However, the predictive power of methods presented in previous studies is restricted due to a lack of real-time data and a small sample size. In this study, we aimed to develop a clinical prediction model for providing early prediction of the new onset of AKI in septic patients.

Results

Baseline characteristics

A total of 5784 patients diagnosed with sepsis 3.0 were collected in the training database according to the inclusion criteria. A total of 1020 patients with chronic renal disease or renal dysfunction were excluded. Among the remaining 4764 patients, 3013 (63.2%) had SA-AKI within 5 days after ICU admission according to Kidney Disease Improving Global Outcome (KIDGO) criteria. A total of 1652 patients diagnosed with sepsis 3.0 from Xiangya Hospital were included as validation cohort I according to the inclusion criteria. Eighty-four patients with chronic renal disease or renal dysfunction were excluded. Among the remaining 1568 patients, 669 (42.7%) had SA-AKI within 5 days after ICU admission according to the KIDGO criteria. We used the database from Zhang’s study14 as validation cohort II. In this cohort, we extracted clinical data of patients with sepsis (304 patients) and included 232 patients after screening with inclusion and exclusion criteria. Ninety-seven patients had SA-AKI (41.8%) among the 232 patients with sepsis.

The baseline characteristics and prognostic results of the training cohort and validation cohort I are shown in Table 1. In the training group, sepsis patients were older (65 vs. 59 years), had a longer ventilation time (70.79 vs. 16.68 h), had a higher incidence of chronic lung disease (23% vs. 12%) and diabetes (24% vs. 18%), had lower incidences of males (55% vs. 65%), chronic heart disease (28% vs. 40%), and tumours (12% vs. 18%) and had a higher 180-day mortality (26% vs. 21%) and 365-day mortality (30% vs. 22%) than patients in validation cohort I. Patients in validation cohort I had a longer hospital stay (14.56 vs. 7.24 days, P < 0.001) and ICU stay duration (7 vs. 2.53 days, P < 0.001) than patients in the training cohort. These two cohorts had balanced characteristics of 30-day mortality (18% vs. 20%, P = 0.26) and SOFA score (4% vs. 4%, P = 0.789).

Table 1 Baseline clinical characteristics between training group and validation group in patients with sepsis.

Independent prognostic factors related to AKI occurrence in septic patients

The characteristics in univariate Cox analysis were used to clarify the potential risk factors associated with SA-AKI in the training group, which are shown in Supplementary Table 1.

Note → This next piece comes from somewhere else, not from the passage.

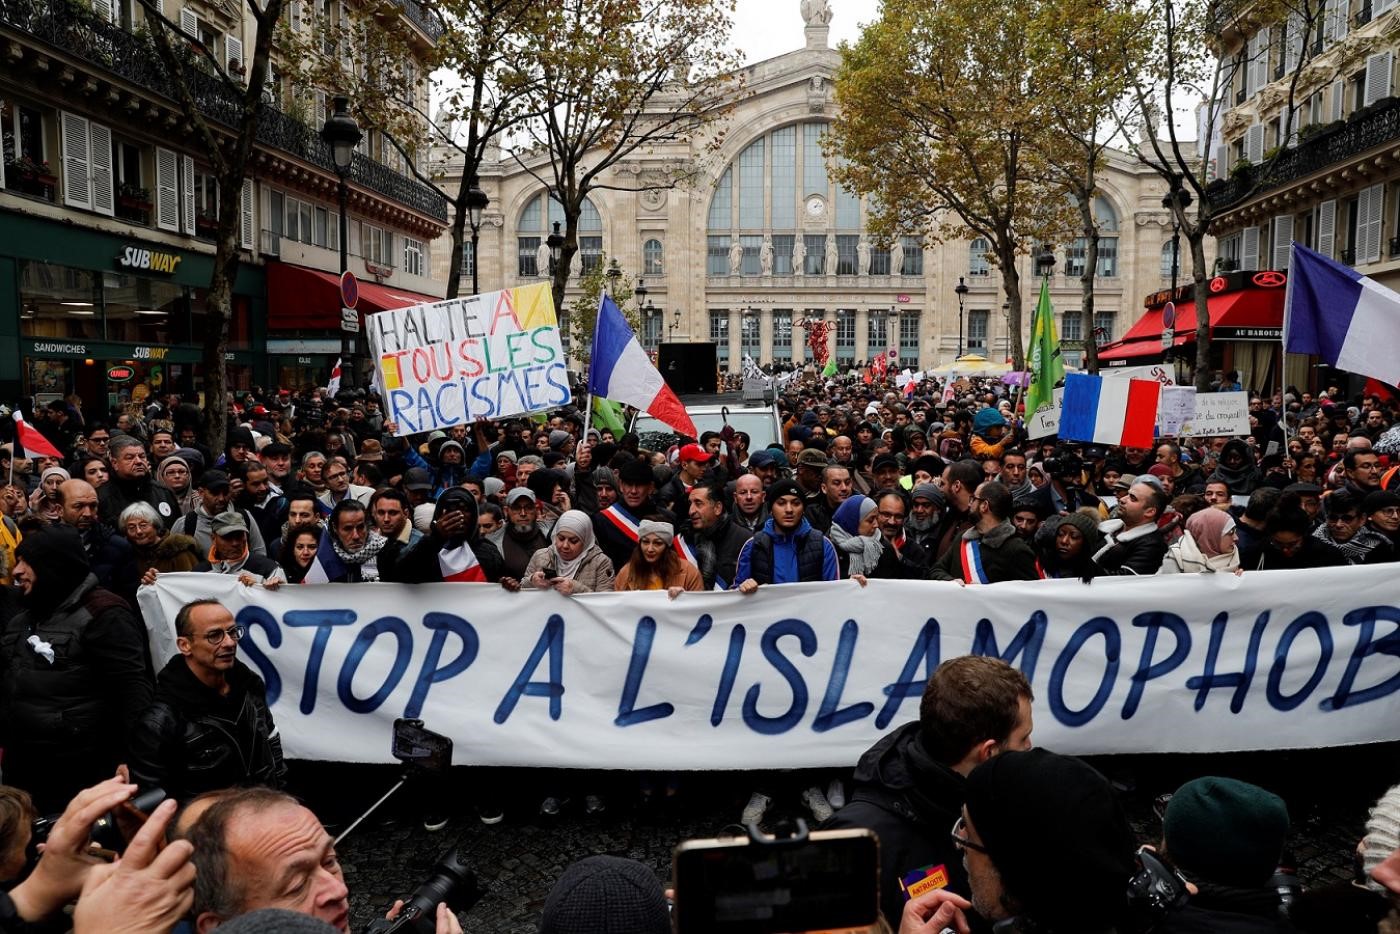 A demonstration against Islamophobia in Paris on 10 November, 2019 (AFP)

We then used the ROC method to explore the predictive efficiency for AKI occurrence in continuous variables with significant differences after univariate Cox regression analysis. As the ROC method showed, the optimal cutoff values of fluid input volume at 24 h and 48 h after ICU admission (fluid input_day1, fluid input_day2), length of ICU stay, length of hospital stay, minimum and maximum levels of urea nitrogen at 24 h after ICU admission (Bun_min_day1, Bun_max_day1), mechanical ventilation time, minimum levels of alanine aminotransferase (ALT) at 24 h after ICU admission (Alt_min_day1), minimum levels of platelets at 24 h after ICU admission (platelet_min_day5), and total fluid output volume from Day 1 to Day 3 after ICU admission (total fluid output_day3) were 3390 ml, 2734 ml, 2.5 days, 5.8 days, 20 mmol/l, 20 mmol/l, 96 h, 93 U/l, 224.2 × 109/l, and 5684 ml, respectively.

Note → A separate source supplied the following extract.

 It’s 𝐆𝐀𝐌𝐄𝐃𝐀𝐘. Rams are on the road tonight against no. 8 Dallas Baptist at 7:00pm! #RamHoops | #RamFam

In the multivariate Cox regression analysis in the training group, we identified eleven predictors of SA-AKI: fluid input_day1, fluid input_day2, length of ICU stay, length of hospital stay, Bun_min_day1, Bun_max_day1, mechanical ventilation time, Alt_min_day1, platelet_min_day5, and total fluid output_day3. In those predictors, fluid input_day1 ≥ 3390 ml (HR 1.42; 95% CI 1.07–1.87; P = 0.014), fluid input_day2 ≥ 2734 ml (HR 1.64; 95% CI 1.42–1.89; P < 0.001), platelet_min_day5 ≤ 224.2 × 109/l (HR 0.86; 95% CI 0.76–0.97; P = 0.015), length of ICU stay ≥ 2.5 days (HR 1.24; 95% CI 1.14–1.35; P < 0.001), length of hospital stay ≥ 5.8 days (HR 1.18; 95% CI 1.09–1.28; P < 0.001), Bun_max_day1 ≥ 20 mmol/l (HR 1.20; 95% CI 1.11–1.29; P < 0.001), mechanical ventilation time ≥ 96 h (HR 1.11; 95% CI 1.03–1.20; P = 0.008) were the independent risk predictors of SA-AKI (Table 2).

Table 2 Multivariate Cox regression analysis obtains independent risk factors impacting on AKI coming up in sepsis.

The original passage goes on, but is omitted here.